Aiman Ismail

Analysis Ticketing System

architectureopinion

I kinda have an idea how you can scale the backend service of a ticketing system but I'm still stuck on the seating choice locking.

As some Twitter users have highlighted in the thread, it's not as simple as infinitely scaling the backend service using serverless functions or Kubernetes. The bottleneck usually lies on the DB tier.

Let's review the scenario:

An announcement was made that users can start buying ticket at 10AM. Before reaching 10AM, a bunch of users already ready with their devices (most use more than one for higher probability of getting the ticket). Once the clock reached 10AM, they'll start accessing the link to buy the ticket (some may started spamming the link before 10AM). (Reminds me of DDoS).

Requirement: one seat can only be purchased by exactly one user. To simplify my analysis, one user can only buy maximum 1 seat/ticket.

Waiting Room Queue

Based on the tweets that I saw, the ticketing vendor implemented a waiting room queue before you can enter the seat selection page. User @zulhhandyplast suggested they use Cloudflare product, Waiting Room, instead of rolling out your own waiting room implementation. How does a waiting room works? Here's a snippet from the Cloudflare Waiting room landing page:

Cloudflare Waiting Room allows organizations to route excess users to a custom-branded waiting room, helping preserve customer experience and protect origin servers from being overwhelmed with requests.

"...protect origin servers from being overwhelmed with requests." I think this is the most important part, which leads to improved reliability and consequently, user happiness.

Implementing a waiting room yourself seems quite hard. Will be nice if I can revisit this in the future and write more about this.

How does a waiting room queue works?

From the whitepaper:

The Cloudflare Waiting Room limits the number of users allowed in the application while placing excess traffic into a virtual queue to provide a smoother, more predictable user experience.

The number of users allowed in the room is capped and tracked using session cookies. Once the user leaves the application or the session cookies expired, new users will be allowed in until the max cap is reached. So, instead of users accidentally DDoSing the origin servers by continously refreshing the page in the browser, the incoming traffic never hits the origin server. With experience handling large scale DDoS, it's a given that we can trust Cloudflare to be able to handle the traffic coming to our ticketing platform.

I got into the room, now what?

Once the user manage to get into the room, they now need to "fight" with other users who can get the best seats first. Now we need figure out how can we lock a seat for a user so that once the seat is selected, no other user can select the same seat. If the user completes the purchase, now the seat is no longer available. When should we release the lock on the seat?

In the frontend, should there be a difference between a seat that is locked but not purchased yet and seats that's already taken and paid for?

Real-time locking or refresh-based?

Should the user refresh the page to know the current status of the seat whether it is still locked or released already? As a customer, I would prefer if the status of the seats are updated in real-time without me having to refresh the page. If not real-time, there can be cases where the user selects a seat because it is shown as available but only after selecting the seat will the user be informed that the seat is no longer available or temporarily locked. Then it's a game of refreshing the page as fast as possilbe and randomly choosing a seat, which will significantly increase the load on the server.

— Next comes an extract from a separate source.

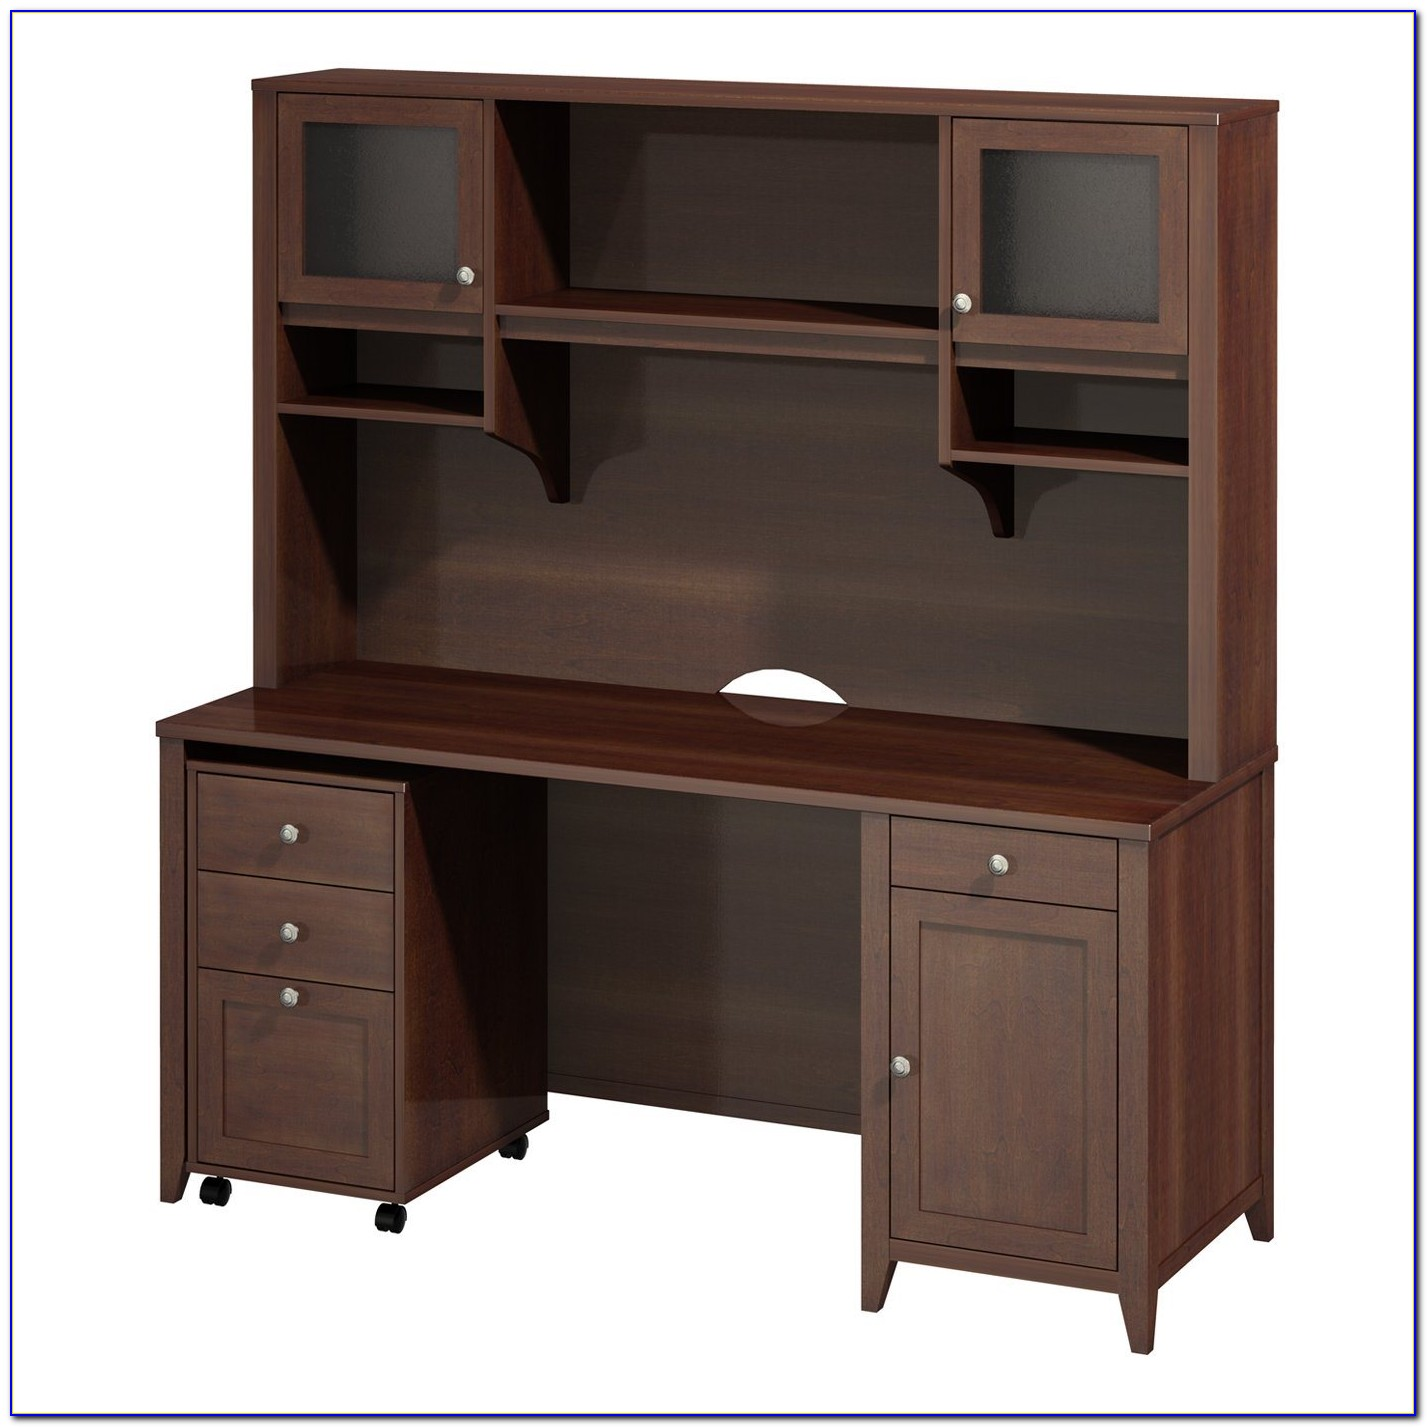 Kathy Ireland White Office Furniture

Making this real-time means we will need to maintain a connection for each user accessing the page. Maintaining these connections is expensive and webservers usually have a limit how many connections it can keep track of at a time. Assuming the waiting room from before is working, we already set the max number of users that will be accessing the page, so there is already a hard cap in number of connections that we have to handle so we can already preprovision our hardware to handle the load.

How do we keep track status of the seats?

Instead of maintaining the status of seats in RDBMS like PostgreSQL or MySQL, I think it is better to use in-memory data store like Redis. The EXPIRE command seems like a perfect choice for locking the seat for a certain period and automatically releasing the lock after the period ended. How can the backend knows when a key expired so that it can push a new message to the frontend to update the seat status? Keyword: keyspace notification.

I'm leaning on having a separate service handling this real-time seat status update. Once a user loads the page, it'll start a websocket connection to this seat status service which will set the seat number as key in Redis with a expiry time. Once the key expired, this service will be notified by Redis and in turn it will send a message through the websocket connection that it maintained to update the status of the seat on the frontend.

Payment processor as the bottleneck?

What can we do if 3rd-party payment processor not behaving?

I manage to lock a seat!

Congrats! Now since the seat is locked, user will be given a fixed duration to finish the transaction and pay for the ticket. Once payment is confirmed, we can update the DB and then tell the seat locking service to update status of the seat lock to "taken".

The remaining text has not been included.